Lake Highlands High School Honors Three Legendary Teachers

John Moore, Jacquelyn Pendarves and David Wood began teaching when computers weren’t even in the building much less in the hands of every student.

Wood began his career at Lake Highlands in 1980. LHHS Principal Dr. Josh Delich called Wood a Lake Highlands legend.

“Mr. Wood’s students leave his classroom with knowledge of literary classics, impressive grammar skills, and most importantly a mentor,” Delich says.

Wood co-founded and is a director of “Wild for Cats,” the LHHS academic booster club and is chairman of curriculum and instruction.

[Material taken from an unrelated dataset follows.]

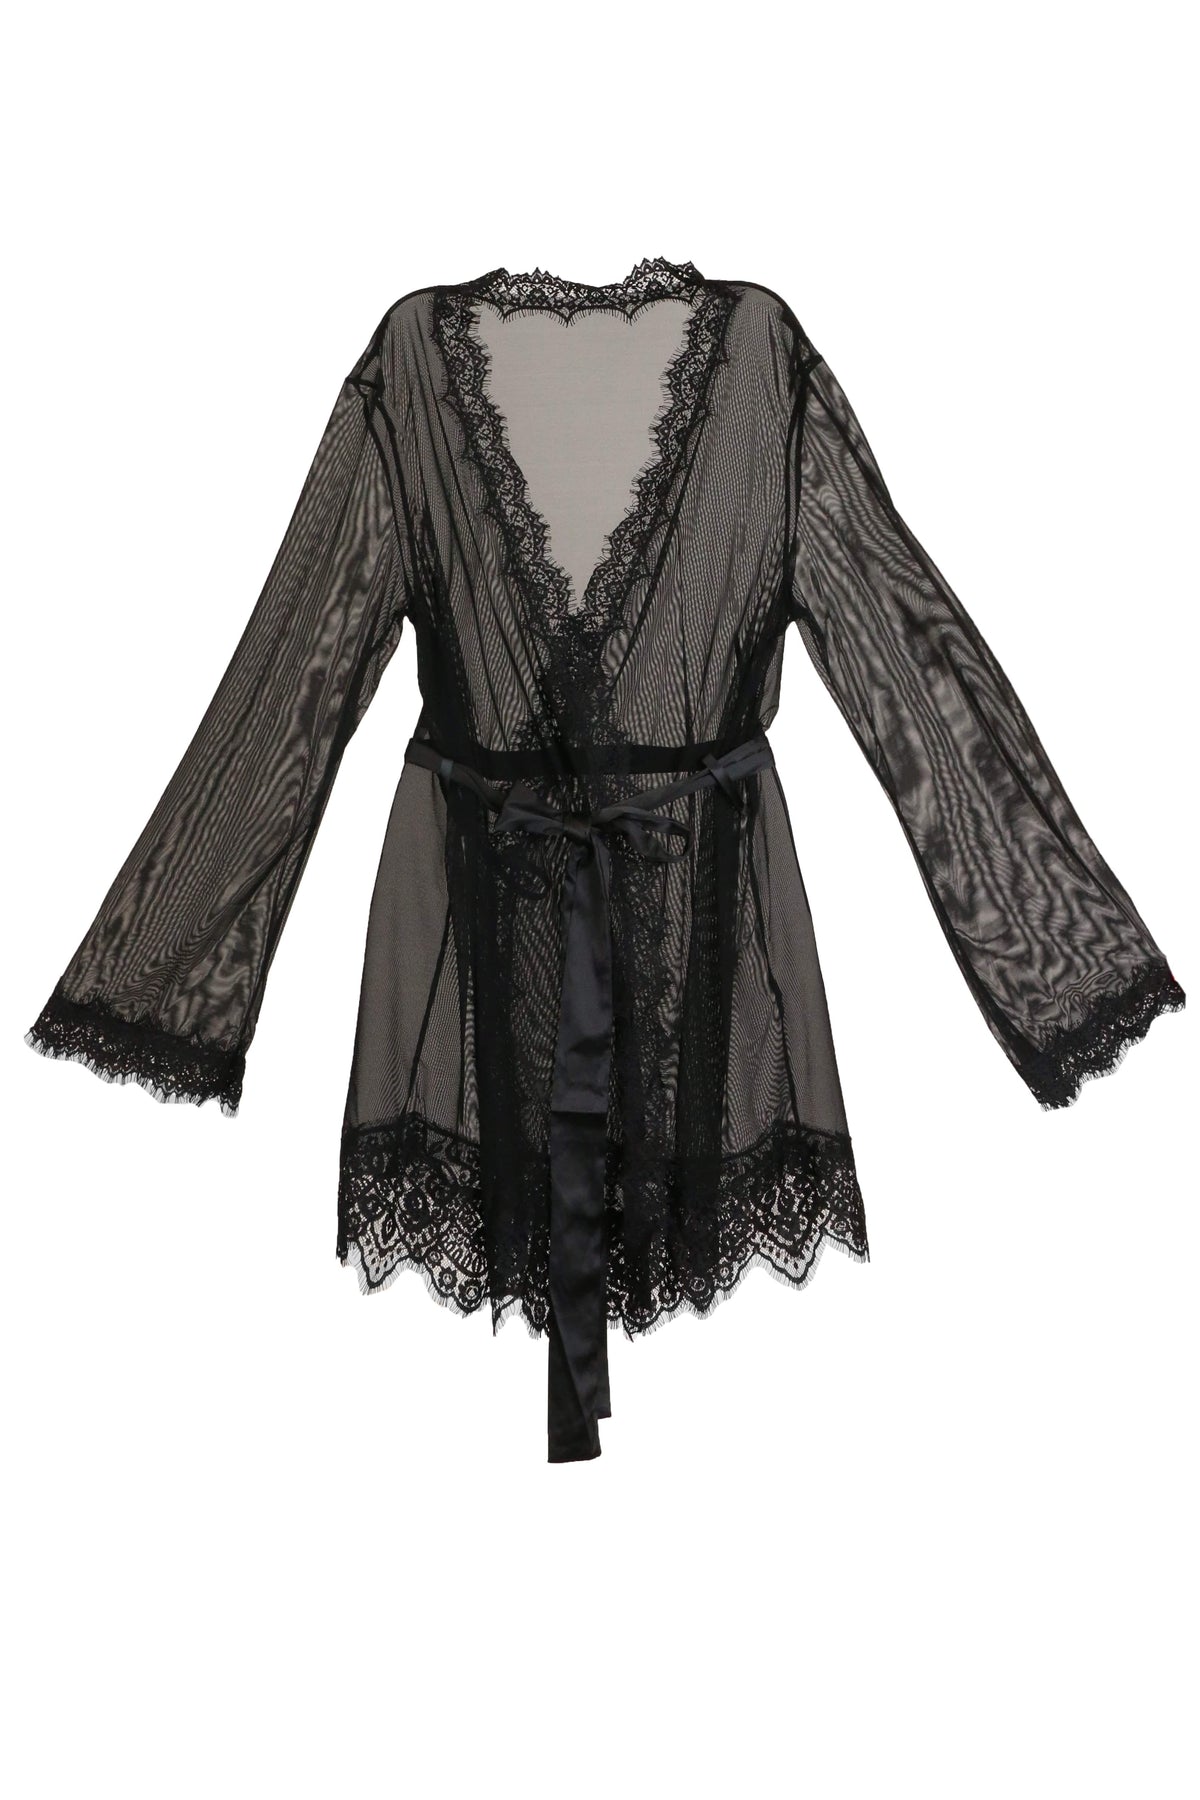 Oh La La Cheri Robe Black / S/M Provence Sheer Shortie Robe Set - Black
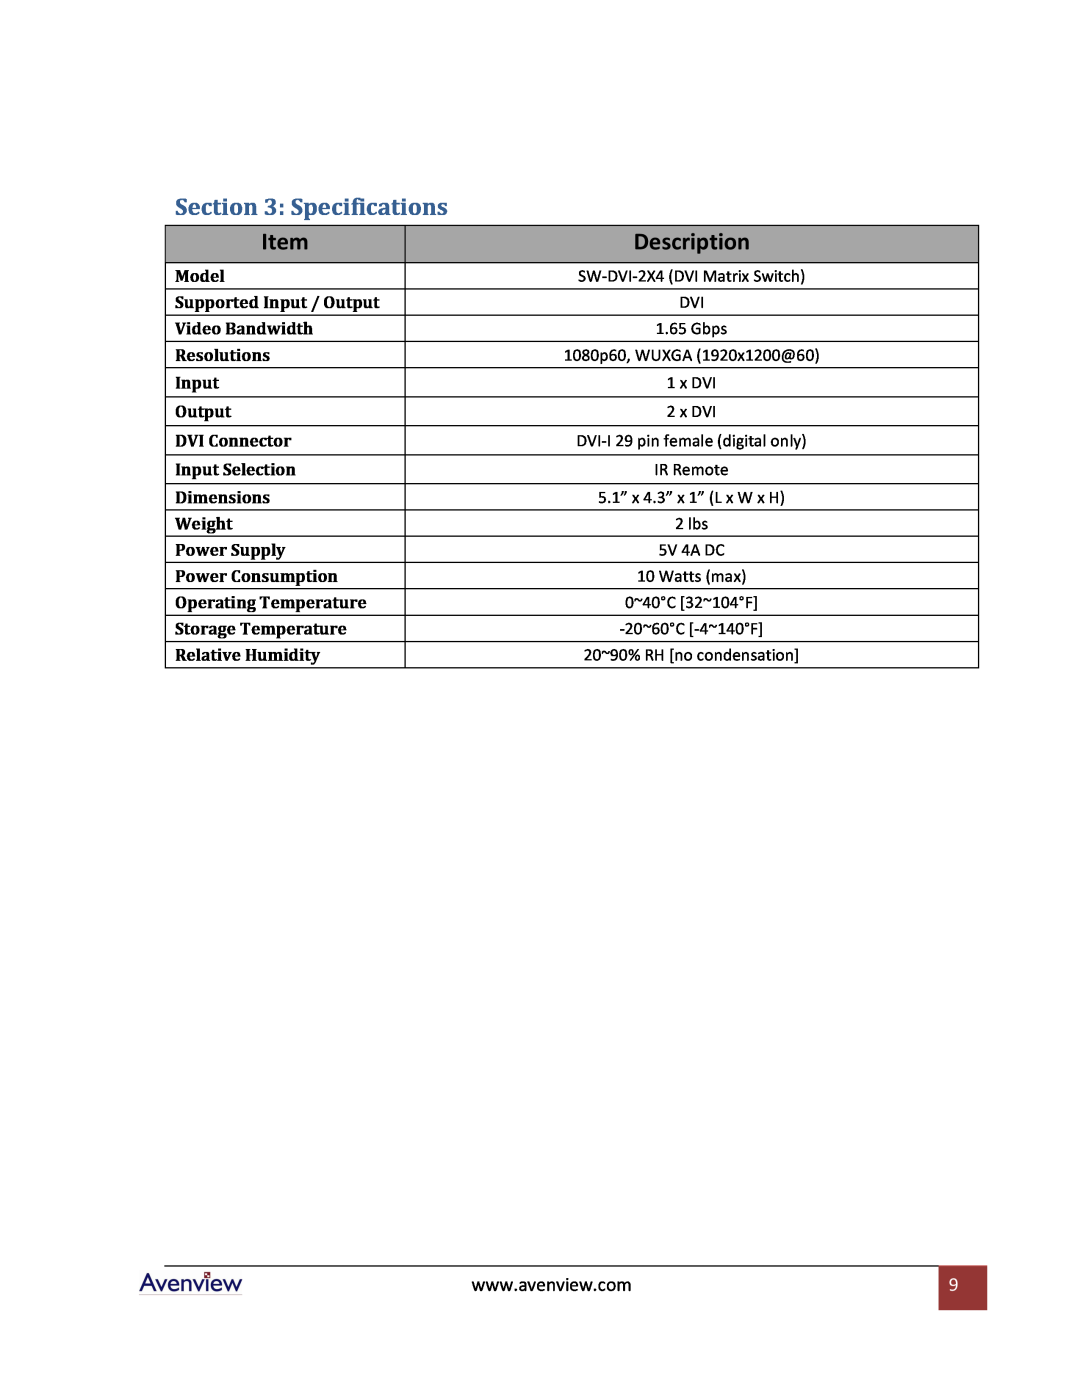 Avenview SW-DVI-2X4 specifications Specifications, Description

He is the AVID staff development trainer and instructor. He has coached the Athletic Decathlon team for nearly 30 years, has been varsity tennis coach and taught summer school across four decades. In short, Wood has done it all for LHHS. He is a Texas-ex who also completed graduate programs at SMU, UTD and The University of Dallas. Wood twice has been named a National Endowment for the Humanities fellow.

Jacque Pendarves teaches Advanced Placement Human Geography and sets “incredibly high expectations for her students and backs it with exceedingly high support,” according to Dr. Delich. The Wichita Falls native holds a bachelor’s and a master’s degree from the University of North Texas.

John Moore graduated cum laude from the UNT in 1978 and started teaching at LHHS in August 1979. He received a master’s from UNT in 1982.

“Mr. Moore after all his years of experience maintains an enthusiasm for engineering so much so that his students were a catalyst for designing the first rendering of what it would look like if we connected our two buildings,” Dr. Delich says.

RISD Trustee Karen Clardy worked with Wood and Moore for decades as the executive assistant at LHHS. She said these teachers put their own children through RISD and continue to teach in Lake Highlands because the community has become family.

Clardy cites poet W.B. Yeats when she thinks of Pendarves, Moore and Wood: “Education is not the filling of a pail, but the lighting of a fire.”

“They don’t simply teach, they continue year after year to light the fire in their students,” Clardy says.

“The education world has changed so much over the years and the challenges of teaching all children has required these teachers to adapt and meet the challenges of today. These amazing teachers have the wisdom and humility from years of experience to know that students can teach them too, about different cultures, abilities, and perspectives. The challenge of teaching children in today’s world keeps David, John and Jacque coming back because they are inspired every day to light that fire in all of our children.”